§ **PROBLEM**: Using the entries that follow, transcribe only the lines from the line with "Jordan Slam Dunk" to the line with "Gerhard Freidl0327_VIKTOR Magazine_Ph", both included, exactly as they stand and without pictures.

§ **SUPPLIED DATA**:

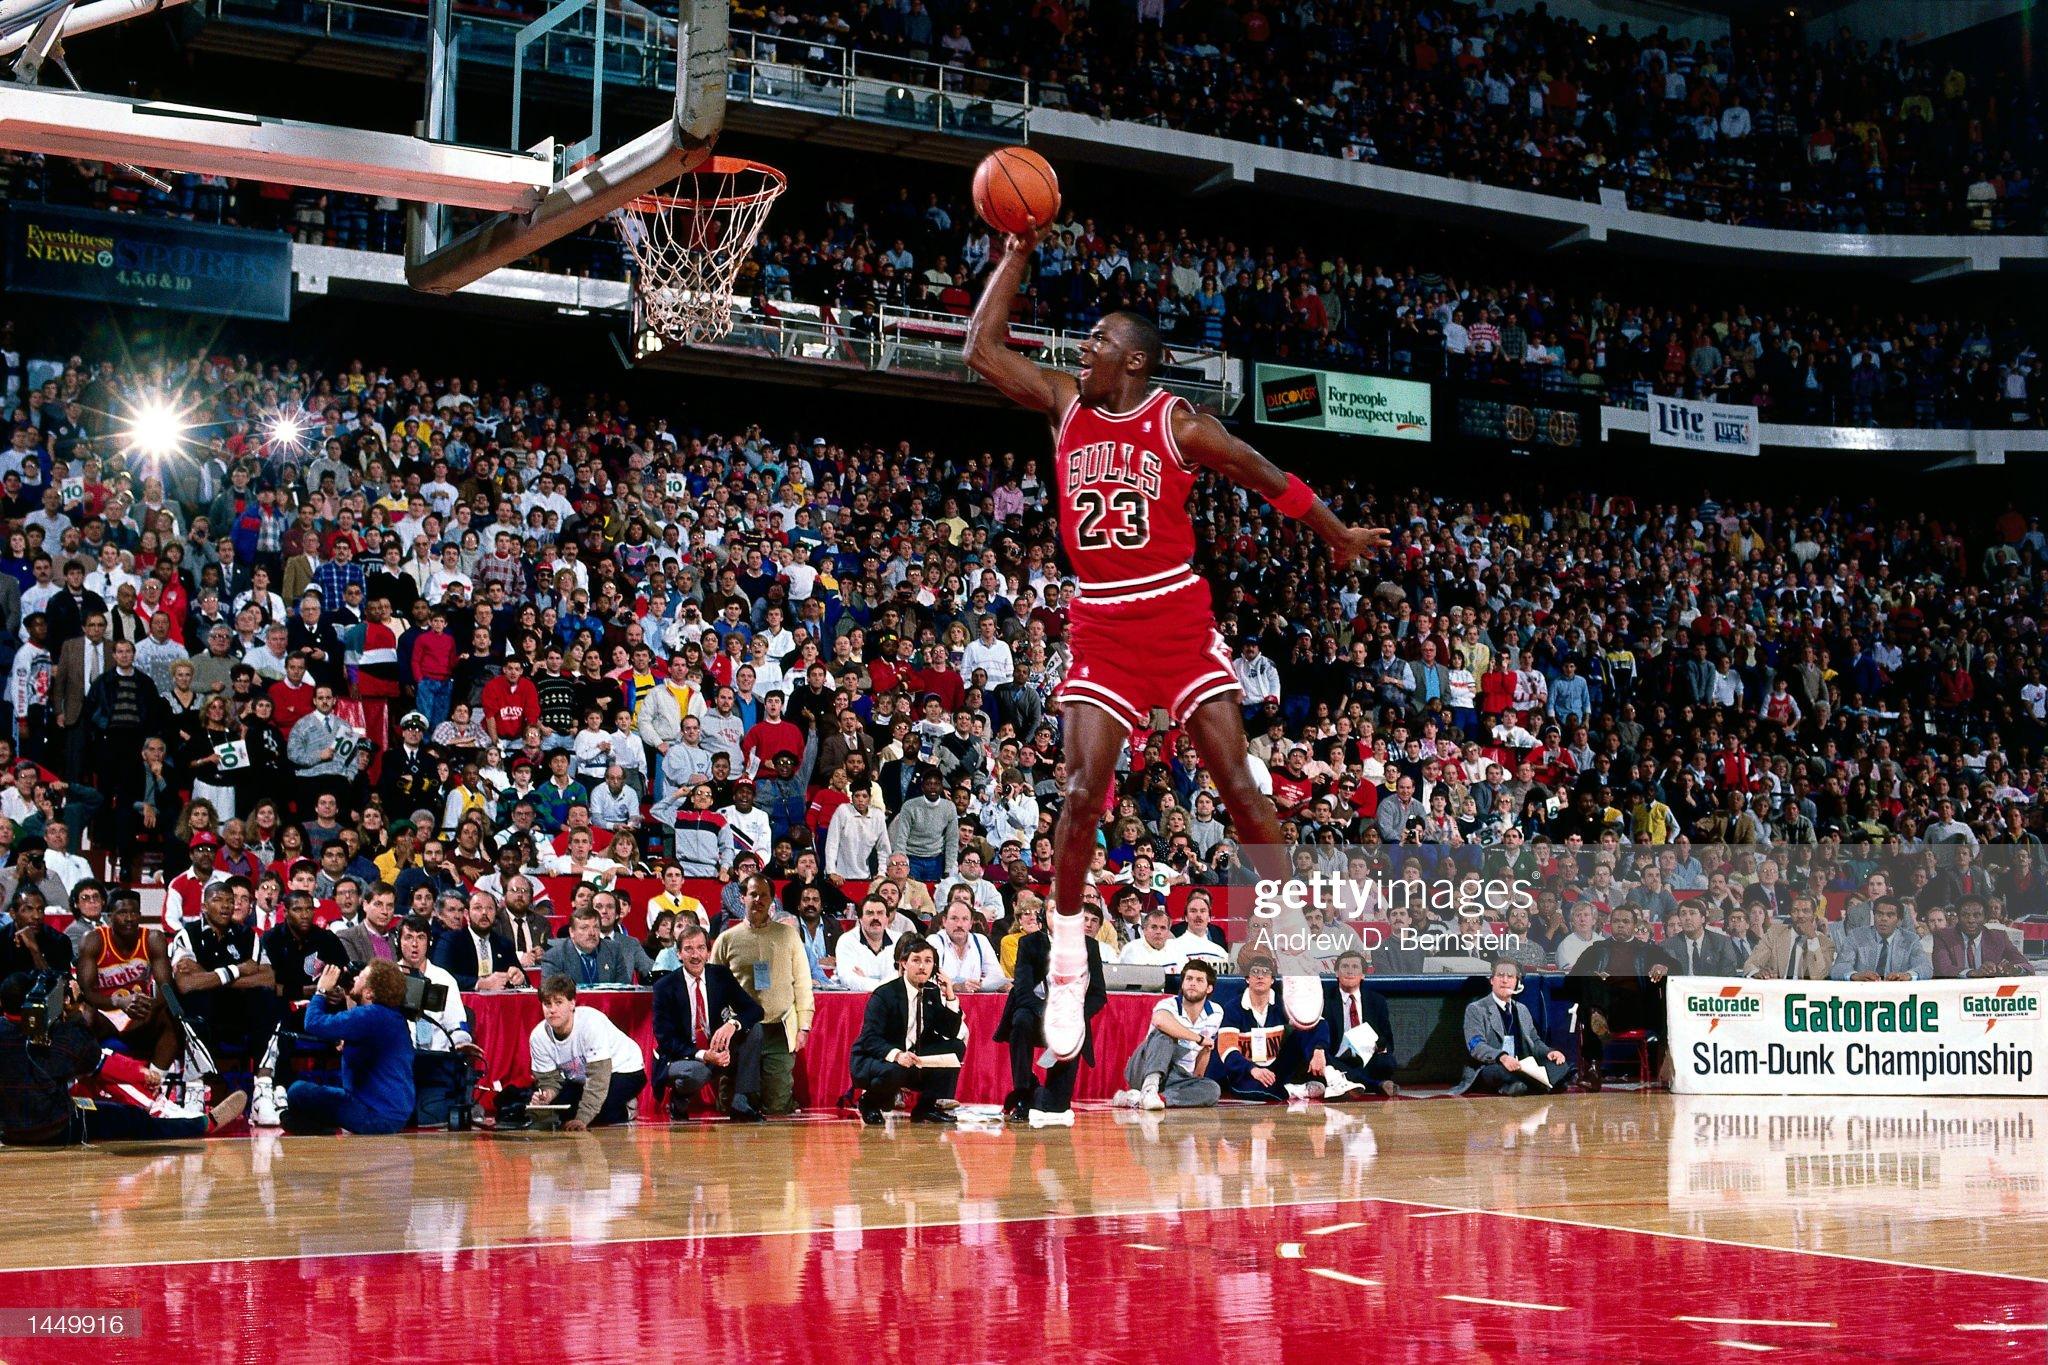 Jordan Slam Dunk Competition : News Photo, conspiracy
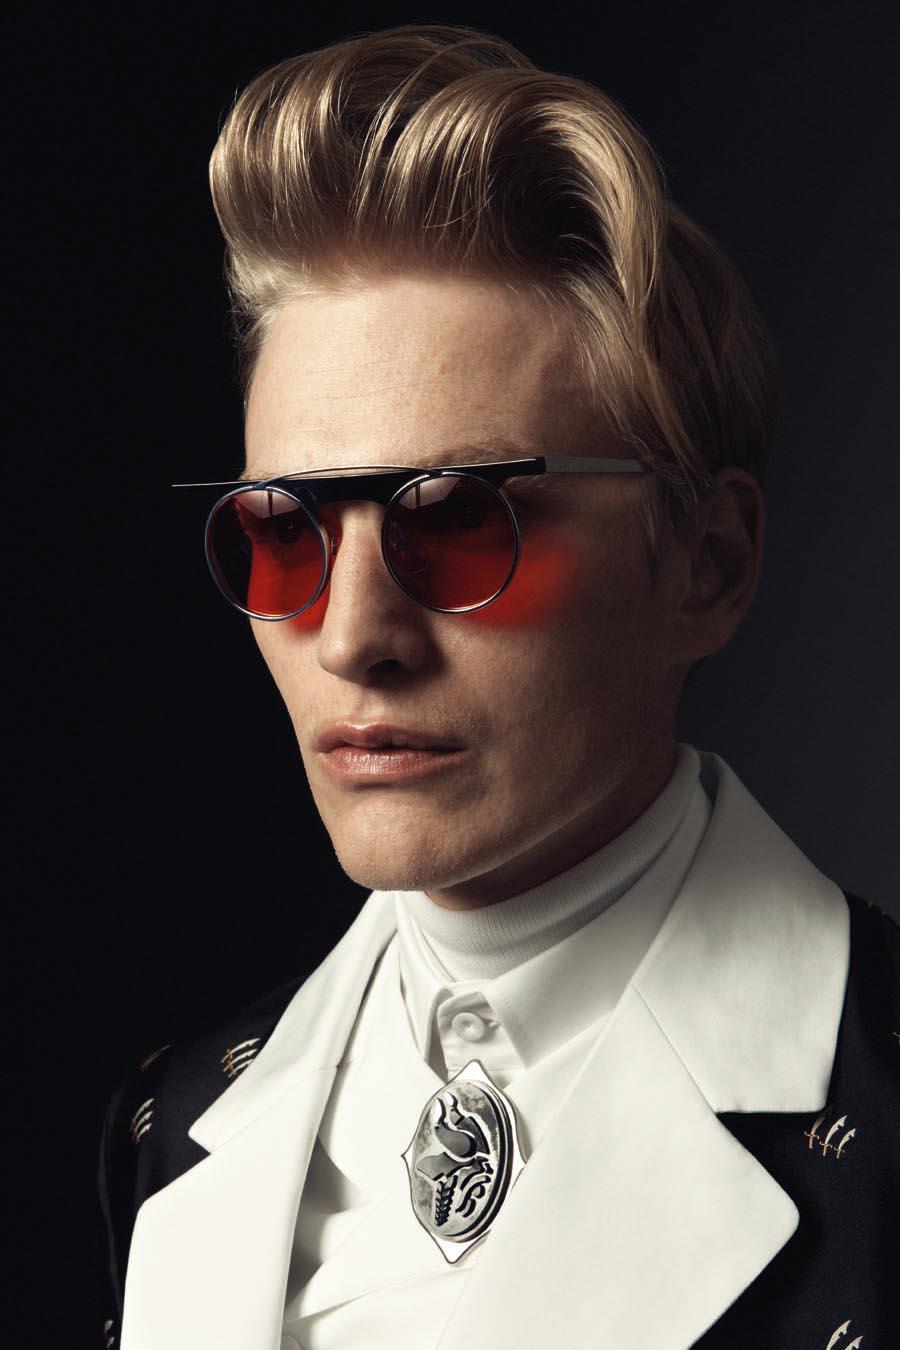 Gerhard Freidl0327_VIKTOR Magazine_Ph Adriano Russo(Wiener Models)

--

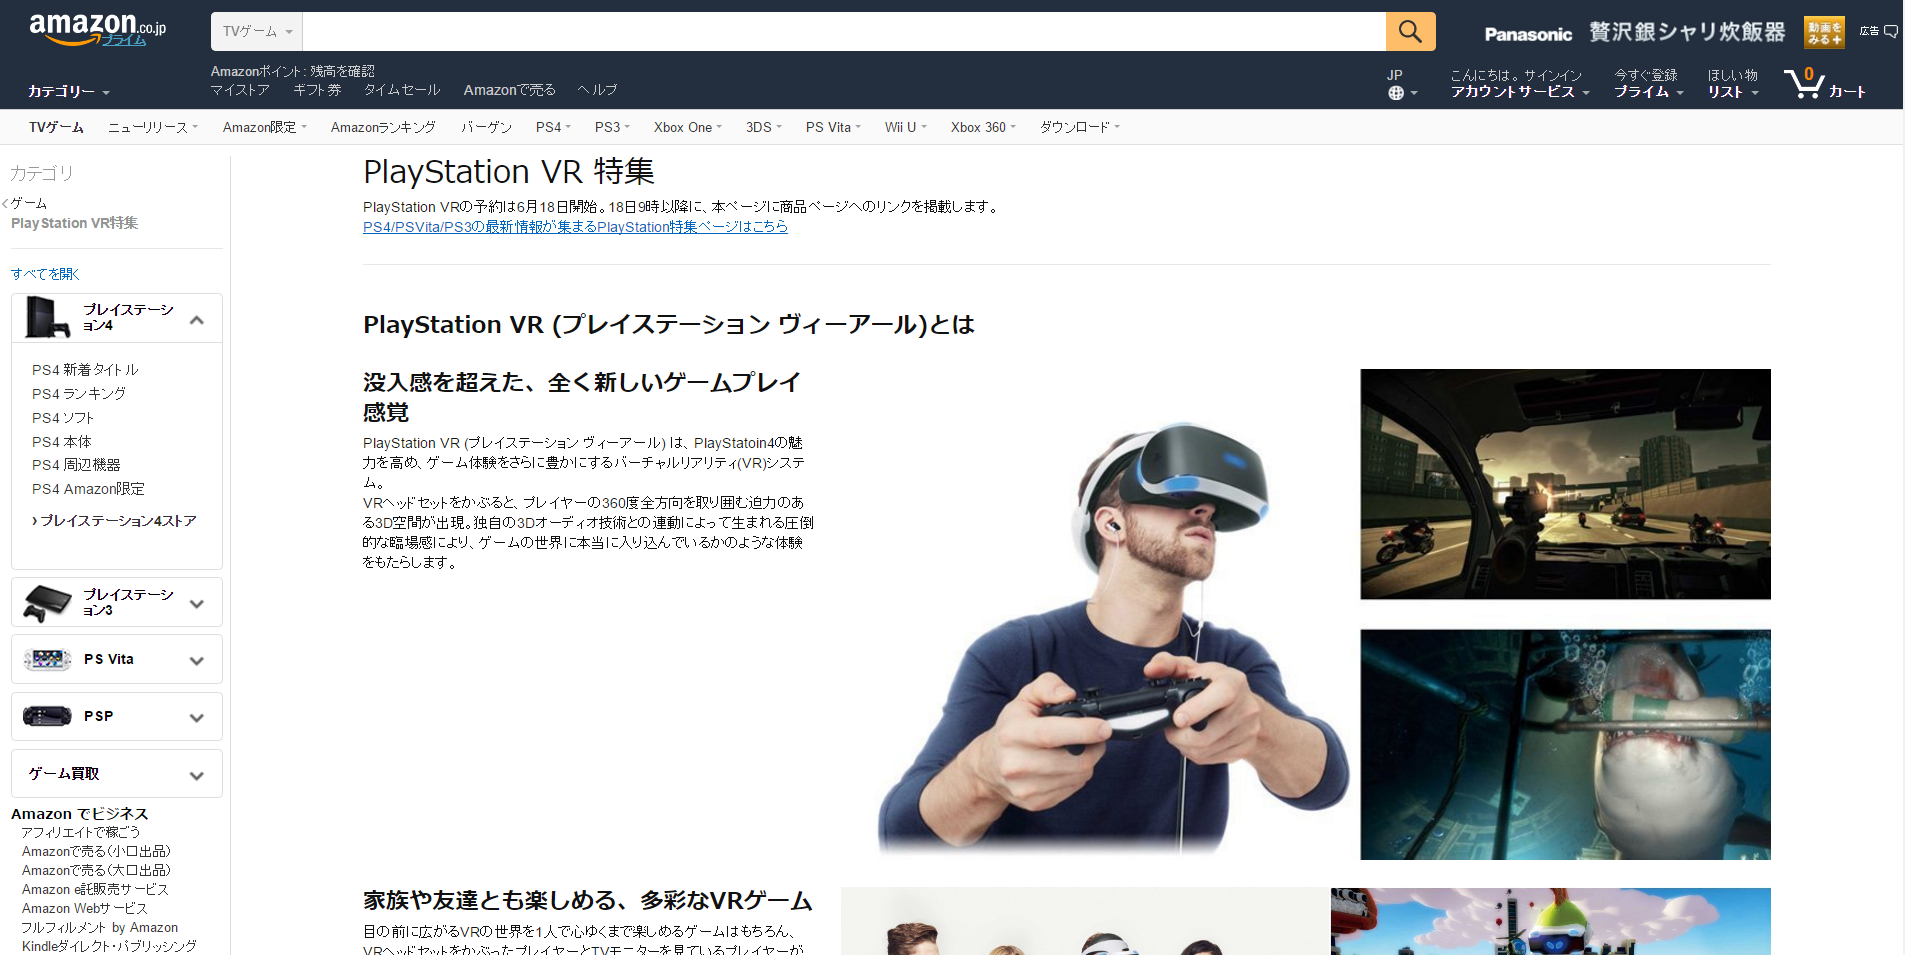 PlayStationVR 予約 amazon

==

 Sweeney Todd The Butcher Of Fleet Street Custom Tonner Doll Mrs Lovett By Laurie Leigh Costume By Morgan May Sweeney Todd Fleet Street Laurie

§ **REPLY**:
 Jordan Slam Dunk Competition : News Photo, conspiracy
 Gerhard Freidl0327_VIKTOR Magazine_Ph Adriano Russo(Wiener Models)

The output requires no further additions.